Australian shares slumped to their heaviest loss in four weeks as institutional traders closed the books on the best year in a decade.
The ASX 200 dived 121 points or 1.8 per cent to 6684 during a holiday-shortened trading session. The market is closed tomorrow and reopens on Thursday.
A second day of broad-based selling took some of the shine off the best annual return since the GFC. The benchmark index tallied 18.4 per cent this year, its strongest gain since a 30.8 per cent surge in 2009.
Local investors took their cues from Wall Street, where traders locked in gains on this year’s best performers. The S&P 500 shed 19 points or 0.58 per cent.
The tech sector has been one of the year’s best ASX performers, rising more than 32 per cent as investors bought into the so-called ‘WAAAX’ group of sector leaders. The sector dived almost 3 per cent today as profit-takers stripped 5.5 per cent off Wisetech, 4.2 per cent off Appen, 3.9 per cent off Altium, 2.8 per cent off Afterpay and 2.4 per cent off Xero.
The big two supermarkets hit record levels last month, but have been in retreat since strong jobs data dimmed the prospects for further rate cuts next year. Coles sagged 3.3 per cent today, Woolworths 3.4 per cent. Metcash slipped 3 per cent.
Health stocks have also had a stellar year, rising 41 per cent, propelled by record highs in CSL, Sonic Healthcare and Cochlear. Today CSL shed 2.2 per cent, Sonic 2.5 per cent and Cochlear 3.5 per cent. Telstra dipped 2.75 per cent to a five-week low.
The handful of stocks that scraped wins on the index were mostly defensive gold stocks. Gold Road Resources put on 3.1 per cent, Evolution Mining 2.4 per cent, Resolute 2 per cent and Newcrest 0.6 per cent.
The big four banks lost between 0.7 and 1.5 per cent. BHP dropped 1.3 per cent, Rio Tinto 1.2 per cent.
The day’s only significant economic report came in broadly in line with expectations. China’s December manufacturing purchasing managers’ index held steady at 50.2. Economists had predicted a modestly weaker reading of 50.1.
The Shanghai Composite dipped 0.1 per cent, Hong Kong’s
Hang Seng 0.6 per cent. Trade on Japan’s Nikkei was suspended for a public
holiday. S&P 500 index futures were recently up four points or 0.1 per
cent.
Brent crude futures gained 24 cents
or 0.4 per cent this morning at $US68.40 a barrel. Gold rallied $5.50 or 0.4 per cent to $US1,524.10 an ounce.

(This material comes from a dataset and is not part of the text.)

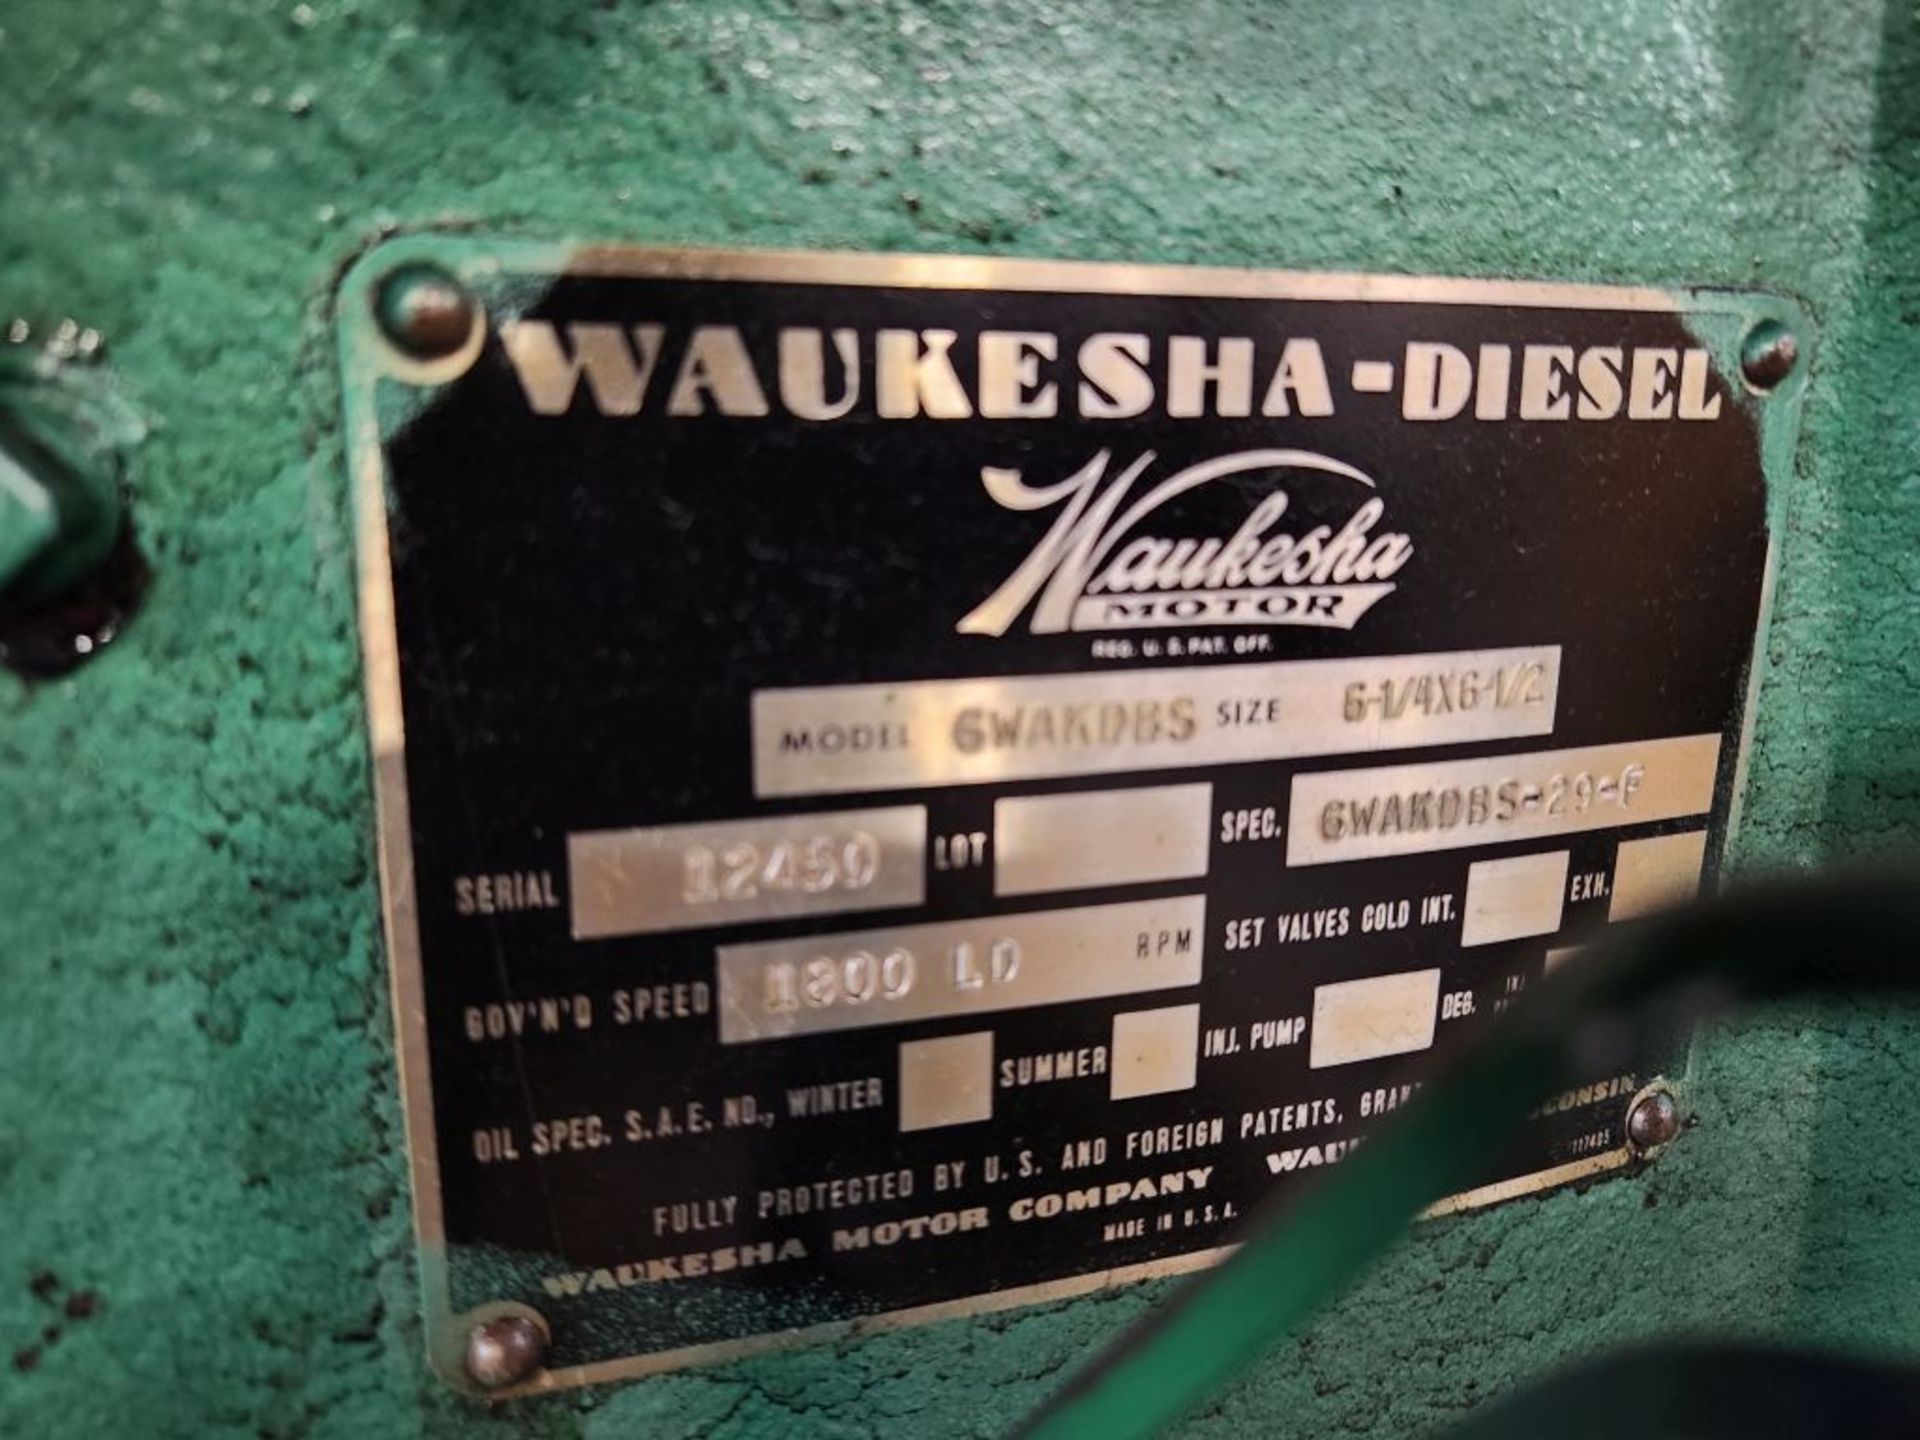 Minneapolis, MN - ONAN 200 KW Diesel Generator with Waukesha Diesel Engine - Image 14 of 21

The dollar rose a tenth of a cent to 70 US cents.
What’s hot today and what’s not:
Hot today: heavy mineral sands are an increasingly valuable commodity used in everything from transistors to tin cans to nuclear reactors. MRG Metals has been one of this year’s speculative success stories after aircore drilling confirmed the potential of its Koko Masava heavy mineral sands project in Mozambique. The company intends to release further assay results early next month. The share price has tripled since the first results and this morning rallied 15 per cent to 2.3 cents.
Not today: a year to forget for investors in coal developer Prairie Mining took another nasty twist after the company revealed a Polish company appears to have stolen a march on a key part of Prairie’s planned Jan Karski Mine. Polish firm Lubelski Wegiel Bogdanka issued a press release claiming it has been awarded the rights to mine within Prairie’s Lublin concession in Poland. Prairie is locked in a feud with the Polish government over the government’s alleged breaches of treaties. The government has so far declined to participate in discussions to resolve the dispute. Prairie shares tanked 13 per cent today to a four-month low.